* [Problem]:
Reproduce the data in full, exactly as given, leaving images out.

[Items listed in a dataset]
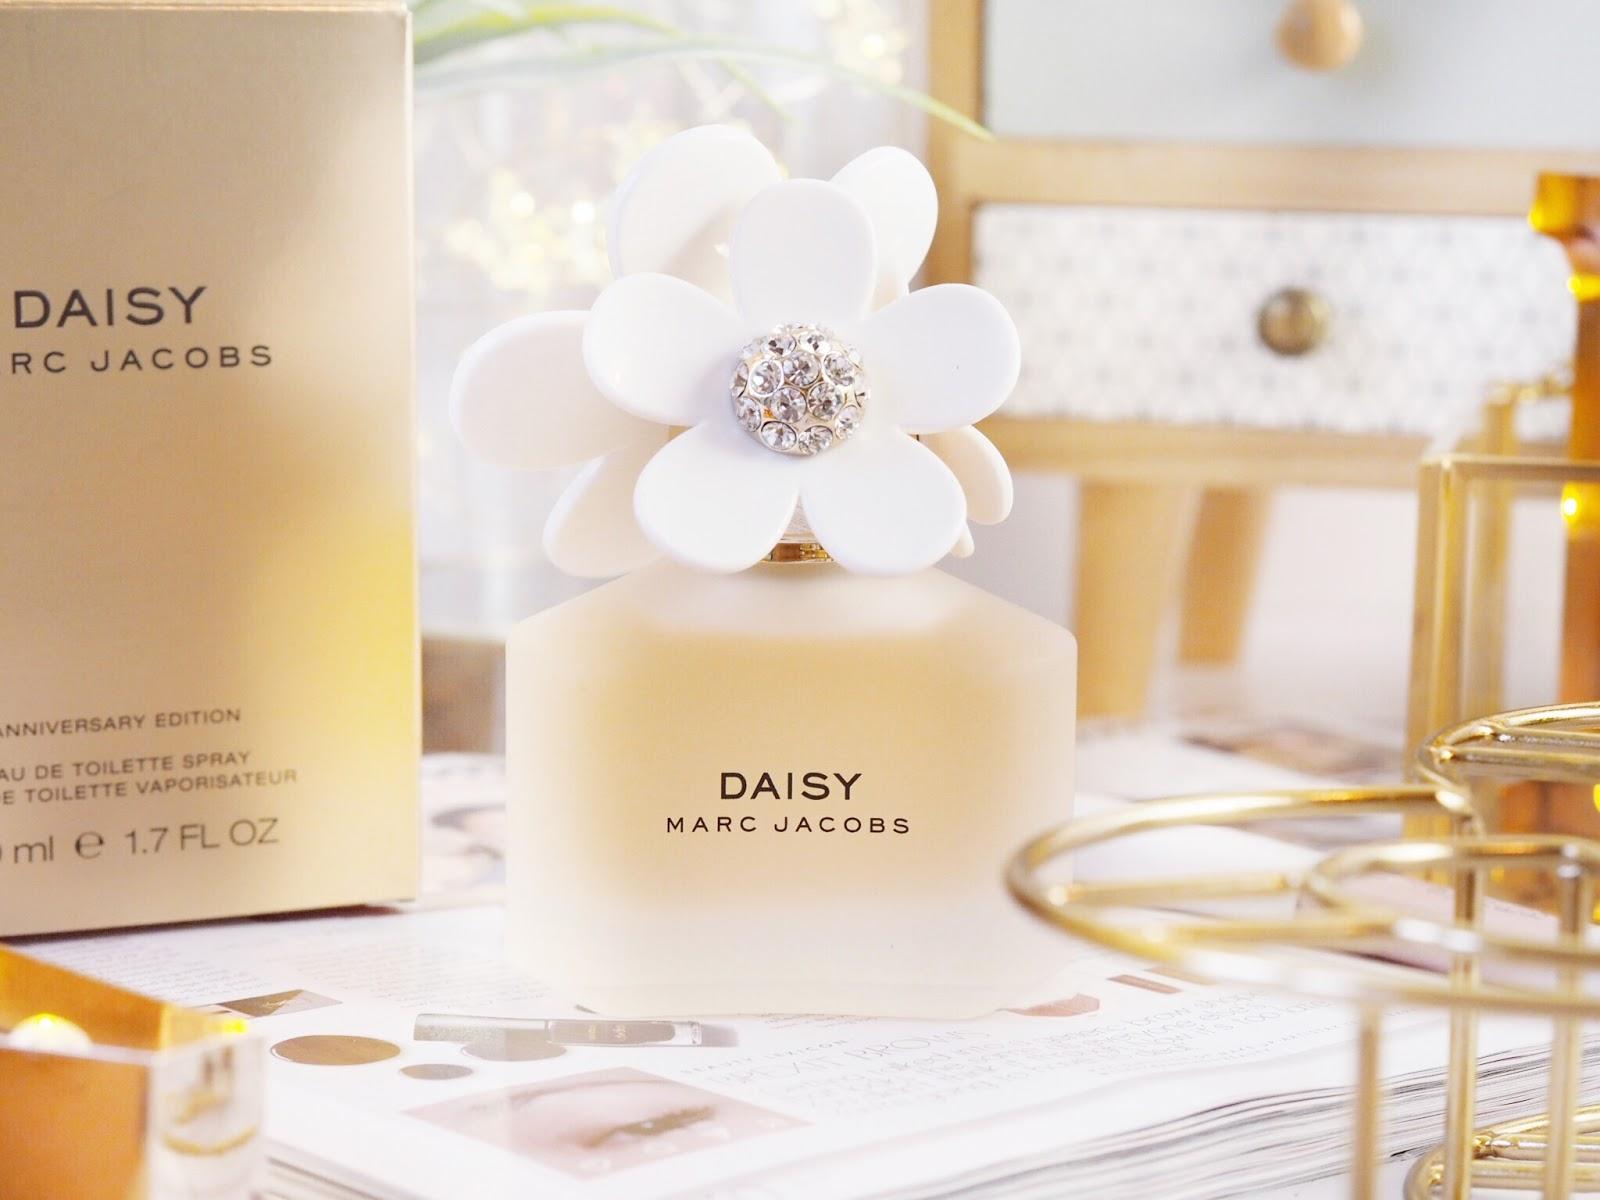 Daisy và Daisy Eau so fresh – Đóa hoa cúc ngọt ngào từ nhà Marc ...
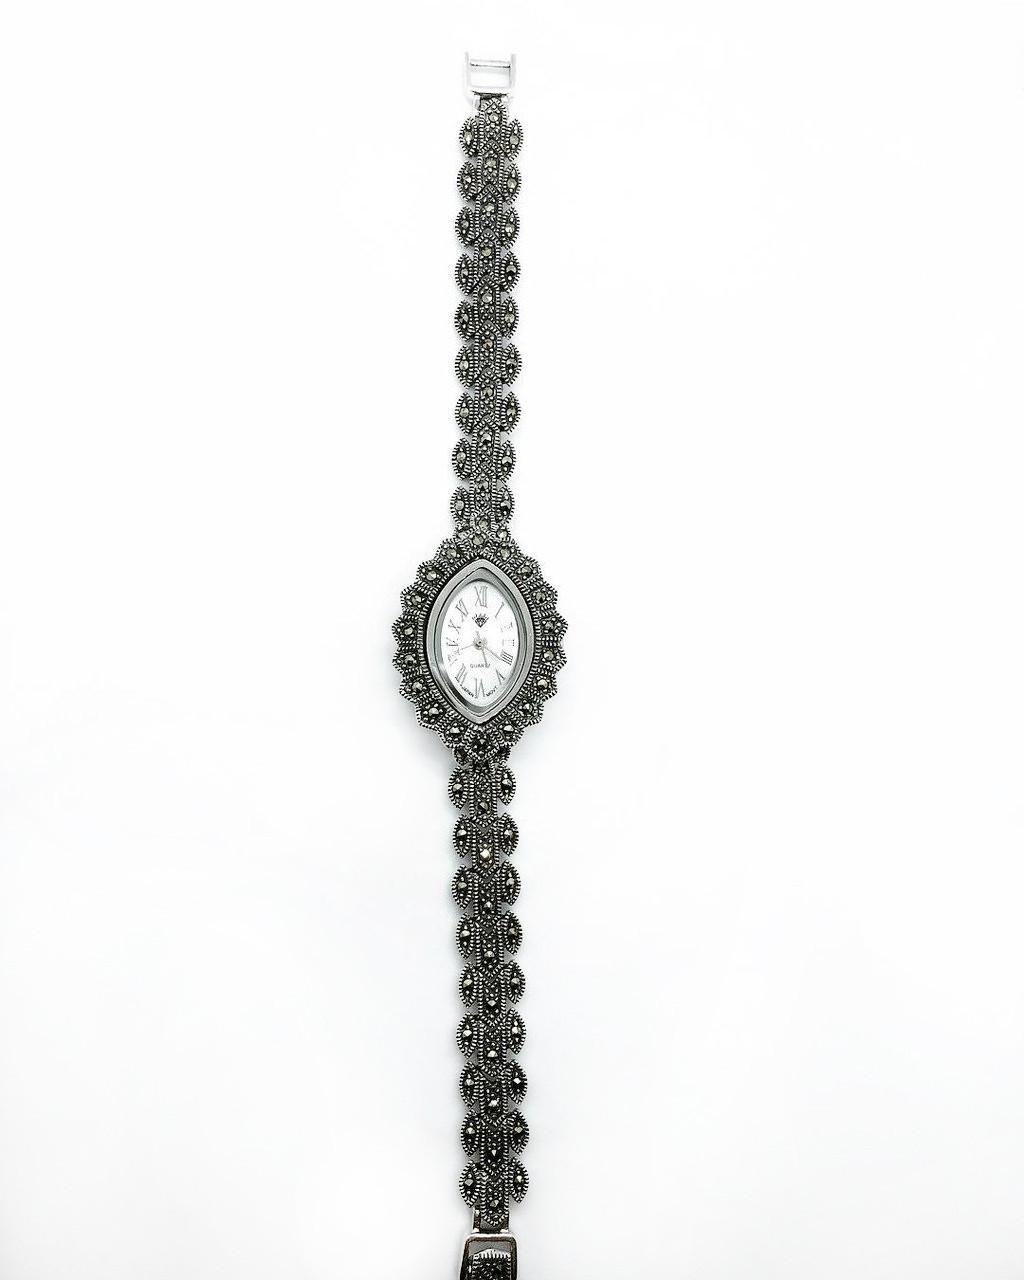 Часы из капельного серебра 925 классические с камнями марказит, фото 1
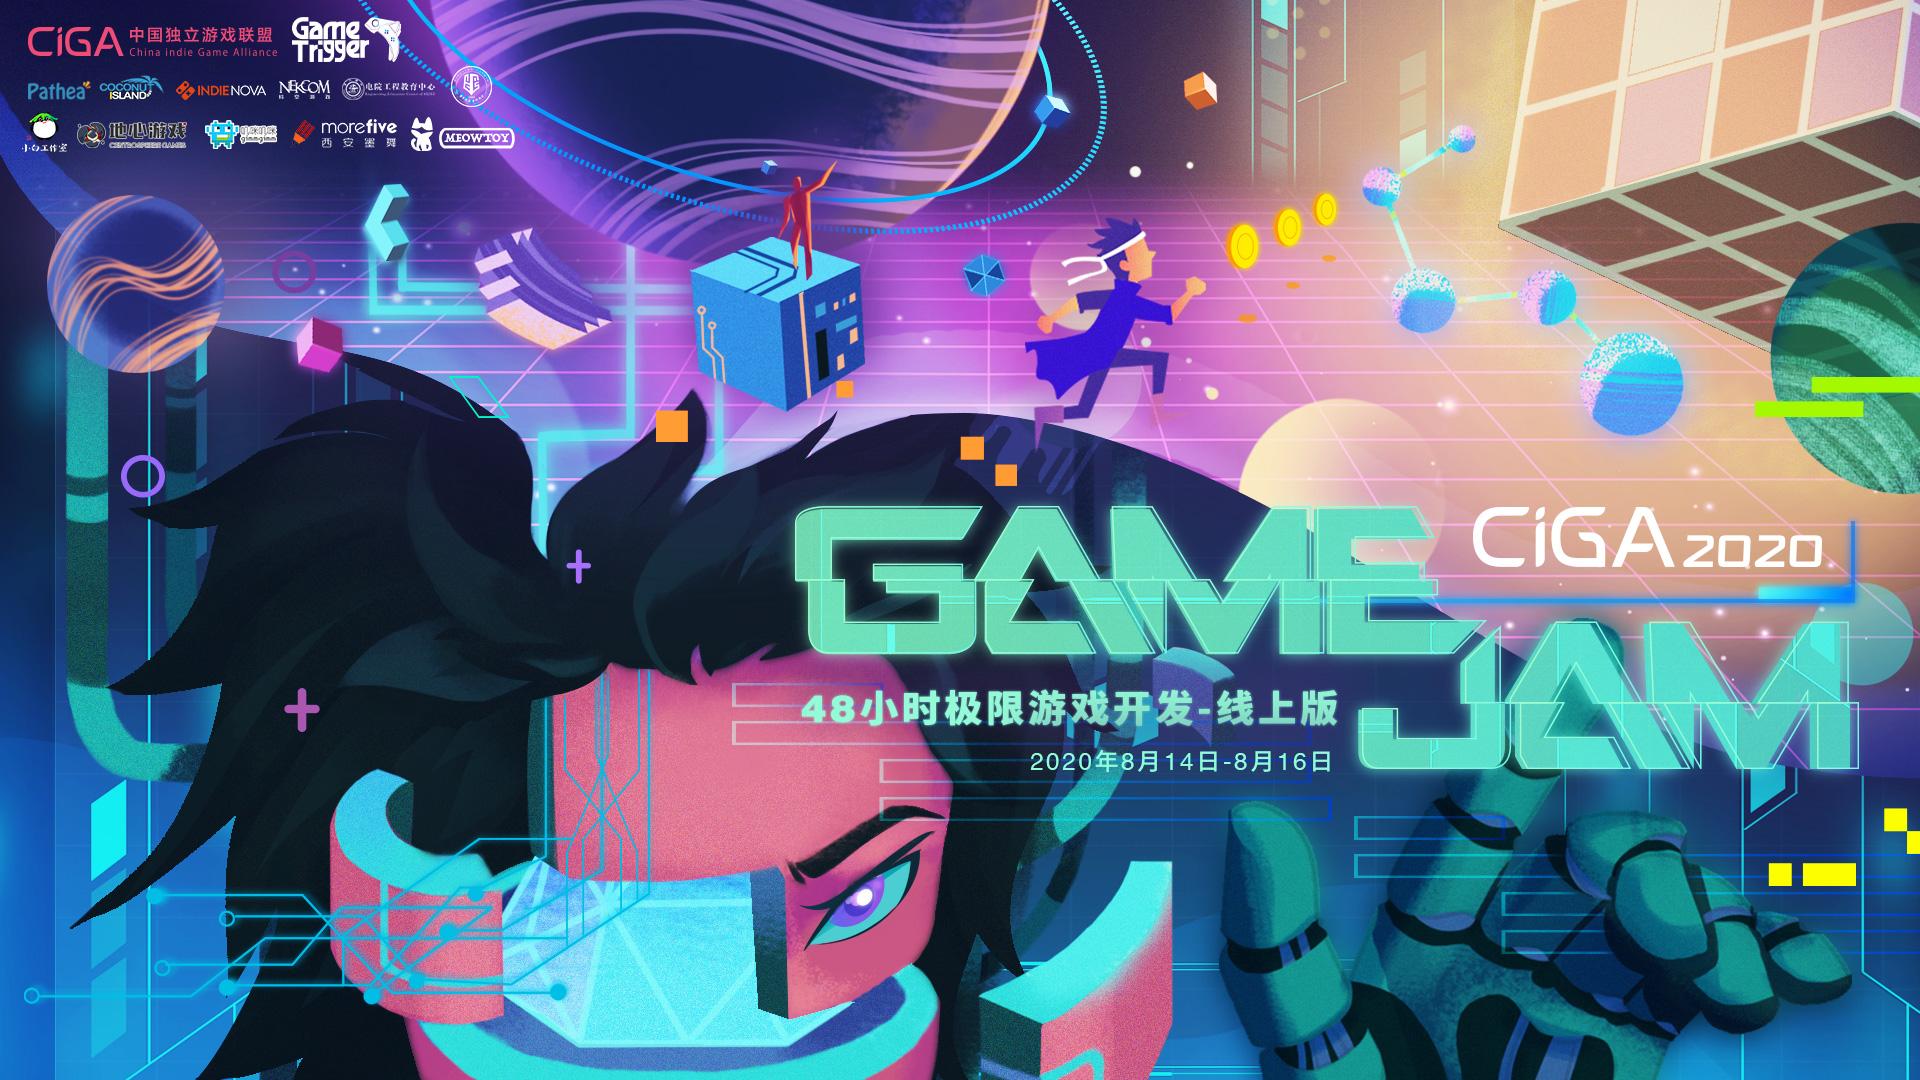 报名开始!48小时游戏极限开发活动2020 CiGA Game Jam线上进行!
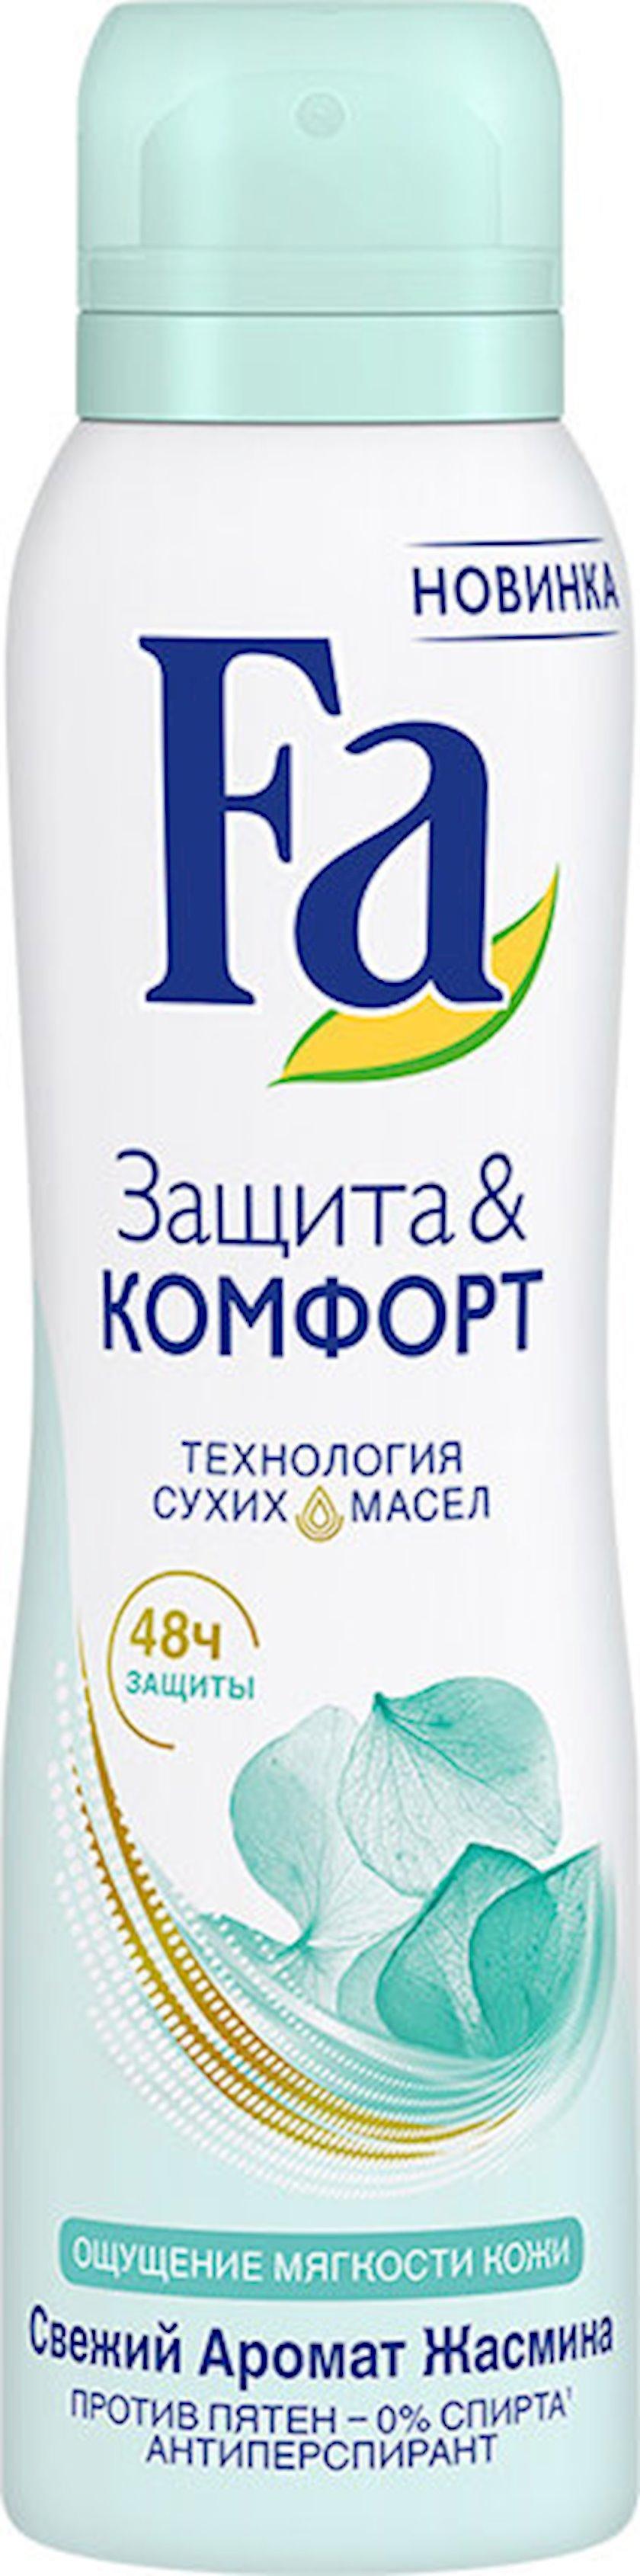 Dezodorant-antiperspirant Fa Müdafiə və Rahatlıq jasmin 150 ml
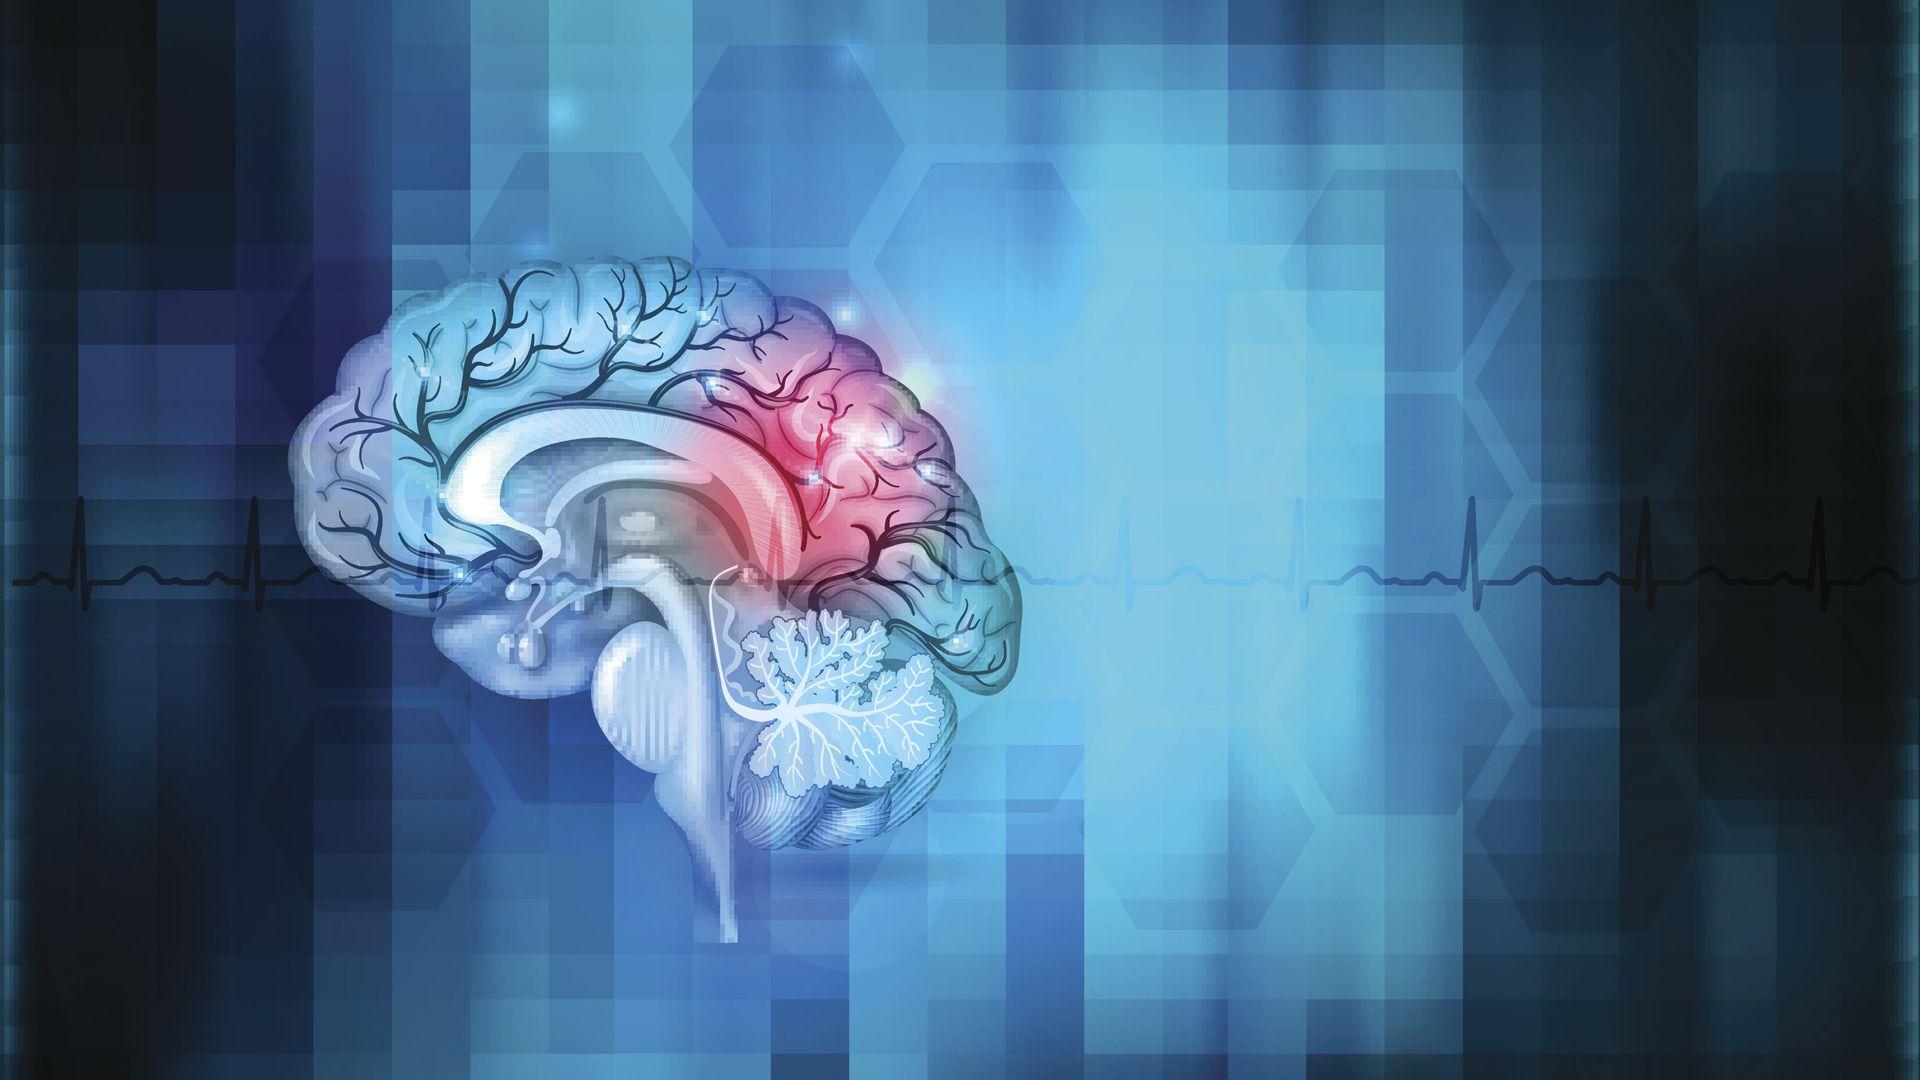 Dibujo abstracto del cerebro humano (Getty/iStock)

* [Answer box]:
 Daisy và Daisy Eau so fresh – Đóa hoa cúc ngọt ngào từ nhà Marc ...
 Часы из капельного серебра 925 классические с камнями марказит, фото 1
 报名开始!48小时游戏极限开发活动2020 CiGA Game Jam线上进行!
 Dezodorant-antiperspirant Fa Müdafiə və Rahatlıq jasmin 150 ml
 Dibujo abstracto del cerebro humano (Getty/iStock)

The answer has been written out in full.